There’s so much more to equity than the color of the skin of your management team. That’s part of it, of course, but it’s about everything. I’m a Latina woman, growing up in an underserved family, which adds to my ability to lead the organization into different places and a recognition and respect of what our communities need.
Is there anything else that you would like to share or anything that you wish we had asked you?
We are a unique organization. I have an acute care background, and I’ve been at hospitals throughout New Jersey and New York for many years, but Bergen New Bridge Medical Center is a unicorn of hospitals, and it’s a very special place. It’s been in the community for 105 years.
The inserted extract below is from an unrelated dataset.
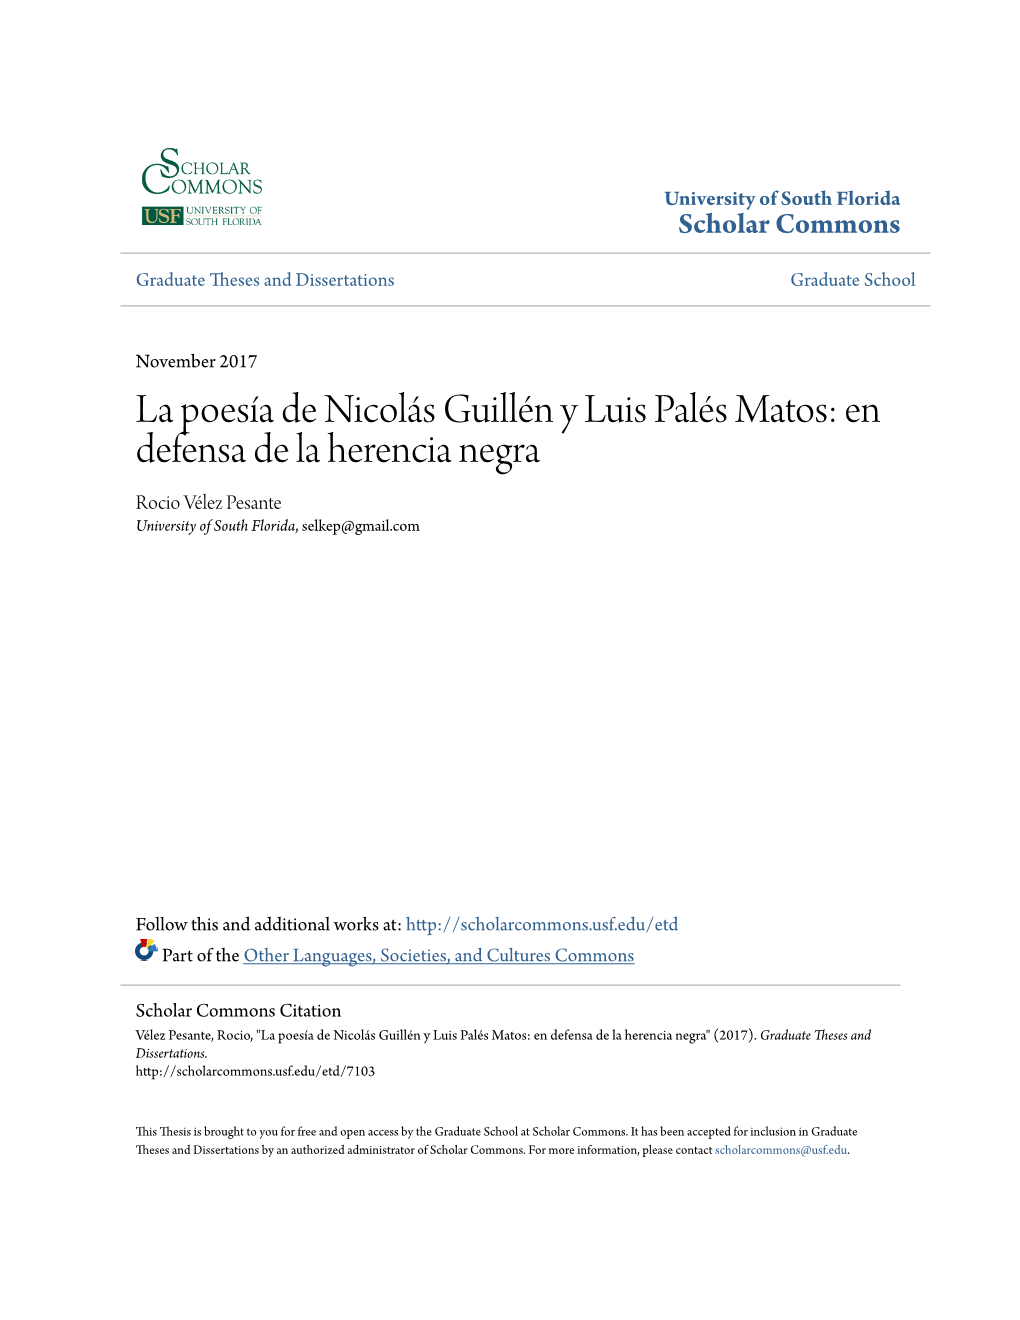 La Poesía De Nicolás Guillén Y Luis Palés Matos: En Defensa De La Herencia Negra Rocio Vélez Pesante University of South Florida, Selkep@Gmail.Com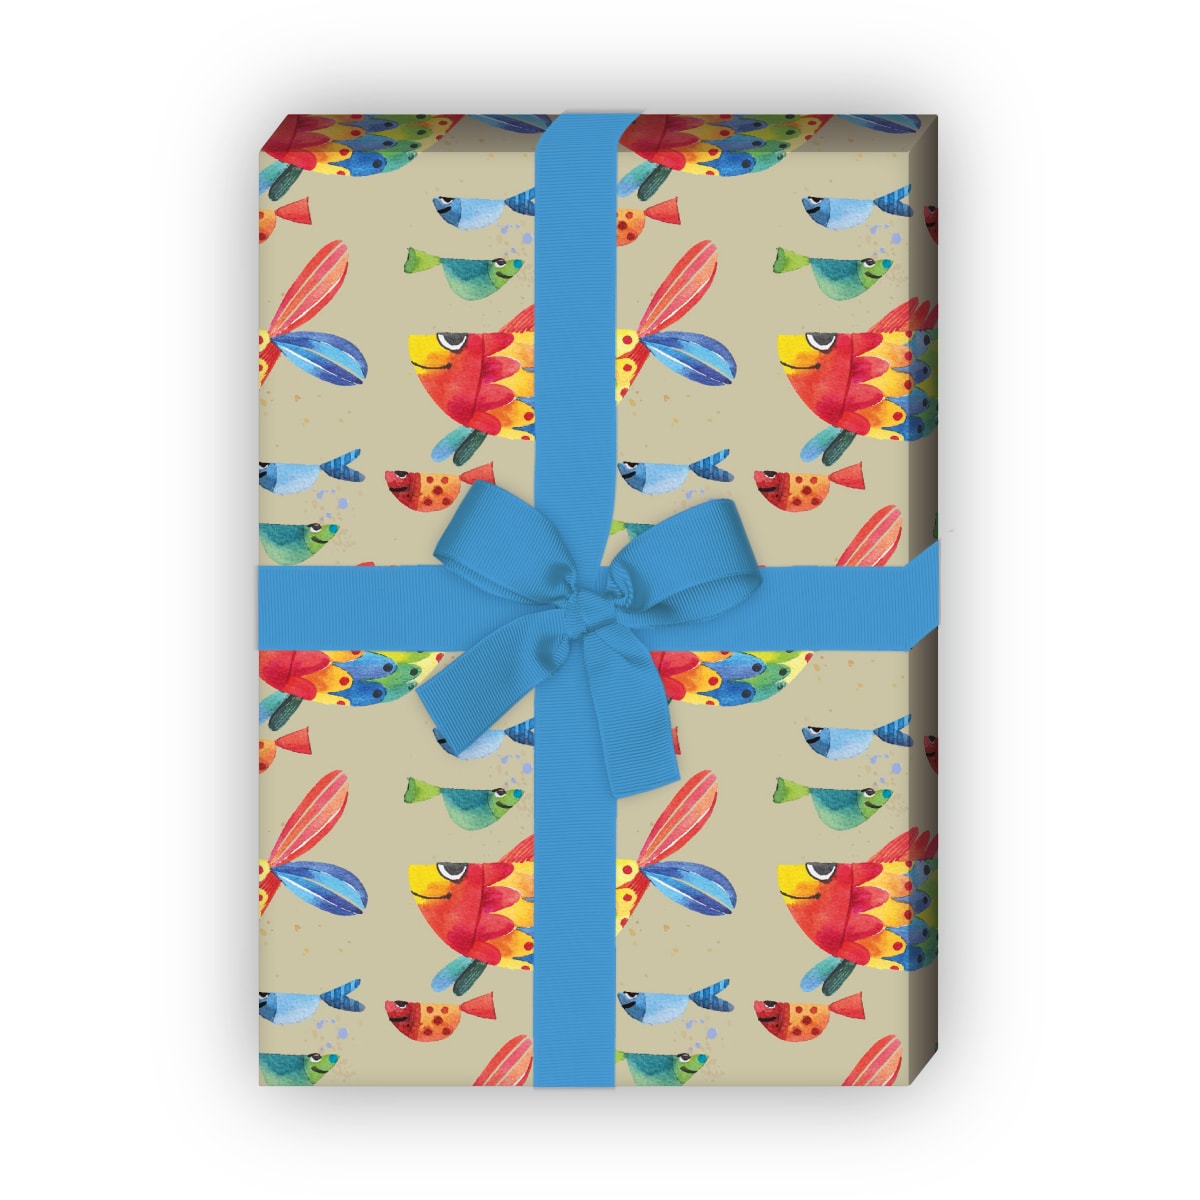 Kartenkaufrausch: Lustiges Geschenkpapier mit Regenbogen aus unserer Tier Papeterie in beige

It was opened by the freeholders (now county commissioners) and was called Bergen County Isolation Hospital. It was opened to serve the public health needs of the communities of the time; back then it was tuberculosis and polio. If you fast forward 105 years, we’re still in the community serving the public health needs of our communities. It’s just that now it’s mental health, addiction services, geriatric care, and chronic conditions. It’s incredibly fascinating to watch the history of this organization and its evolution to modern-day time.